Add the location of the source data for the task.

* **Base path (Volumes):** `/Volumes/main/commerce/raw/orders/`
* **Expected files (example and not limited to):** `*.json`, `*.csv`
* **Layout (typical):**
  * `/Volumes/main/commerce/raw/orders/YYYY/MM/DD/*.json`
  * `/Volumes/main/commerce/raw/orders/YYYY/MM/DD/*.csv`

### Step 4:  Add ## Destination Information

Add the location of the destination table for the task, or let the task create your table automatically.

* **Primary destination table (Delta):** `main.commerce.fact_orders`
* **Storage:** Managed Delta (Unity Catalog). **Do not** change table properties; respect existing. `delta.columnMapping.mode`.

### Step 5:  Add ## Task Information

Add instructions in natural language on how to transform the data.

#### Examples of task-level functions that can be executed

* **Ingest & normalize**
  * Discover candidate files under `/Volumes/main/commerce/raw/orders/` using glob patterns for `*.json` and `*.csv`.
  * Read files defensively; trim strings; coerce numeric strings to DECIMAL(18,2); parse `order_ts` to `order_timestamp` (support epoch millis and ISO‑8601).
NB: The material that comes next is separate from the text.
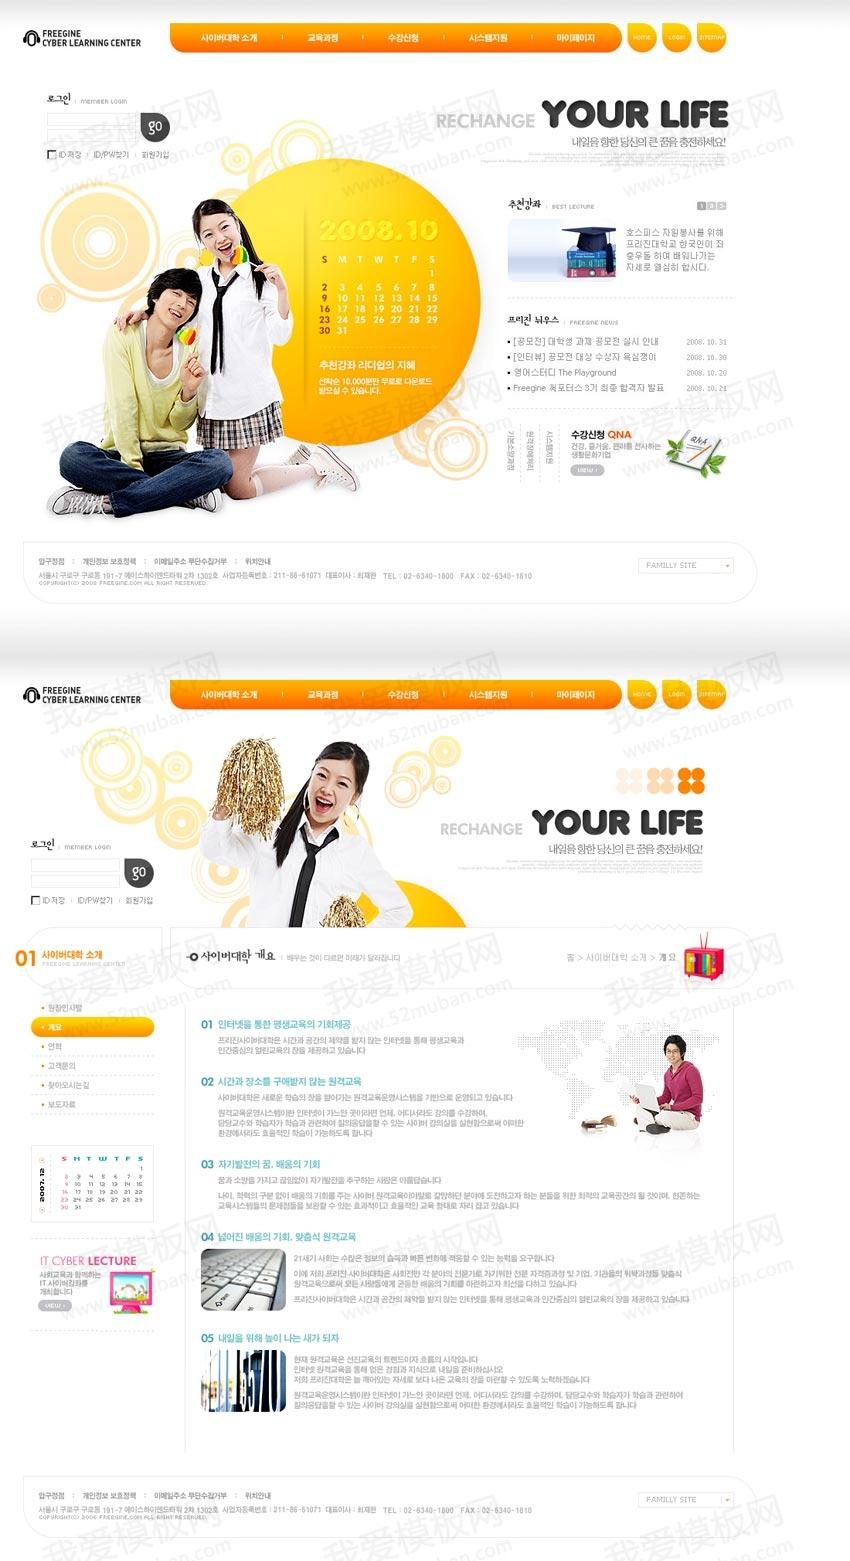 橙色系列韩国学校教育网站模板全站psd下载

Assume UTC unless offset present.
  * For JSON with `items`, explode and aggregate as needed to validate totals.
  * For CSV inputs, ensure mandatory columns are present; backfill optional columns with nulls/defaults.
* **Deduplicate**
  * Use windowing by `order_id`; keep the record from the file with the **latest** last‑modified timestamp (ties broken by file path) to accommodate re‑drops/updates.
* **Transformations**
  * Compute `net_amount` from available fields (e.g., `total_amount - coalesce(discount_amount, 0)` if tax is already included; otherwise `total_amount - discount_amount - tax_amount` per business rule).
  * Derive `order_date = date(order_timestamp)`.
  * Populate lineage fields: `ingestion_file_path`, `ingestion_file_modified_ts`, `ingestion_job_name`, `ingestion_job_start_time`.
* **Data Quality (DQ) validation**
  * Enforce non‑null `order_id`, `customer_id`, and `order_timestamp`.
  * Validate `currency` as three uppercase letters (basic ISO‑4217 check); optionally join to a reference table when available.
  * Ensure monetary fields are non‑negative unless `status` represents a reversal/refund.
  * Log row counts, null ratios, and total vs. derived total mismatches (tolerance configurable).
* **Write (draft‑first)**
  * Append transformed rows to `main.commerce.fact_orders_osmos_ai_draft` with `job_run_id` and `write_timestamp`. **Never** delete/overwrite existing draft data.
  * Verify: count of written rows equals expected; schema parity with destination.
* **Promote to destination (guarded)**
  * If and only if `DRAFT_ONLY_MODE == False`, insert **only the rows with the current `job_run_id`** from draft into `main.commerce.fact_orders`, then append processed files to `main.default.osmos_engineer_job_state`.
  * If `DRAFT_ONLY_MODE == True`, **do not** write to destination **and do not** update the state table; instead, log a summary of what would have been written.
* **Scheduling & state**
  * Use `main.default.osmos_engineer_job_state(job_name, job_start_time, file_path, file_last_modified)` to pick files: include those **not present** for `job_name` or whose `file_last_modified` has changed.
  * Handle the "no files" case gracefully (warning only).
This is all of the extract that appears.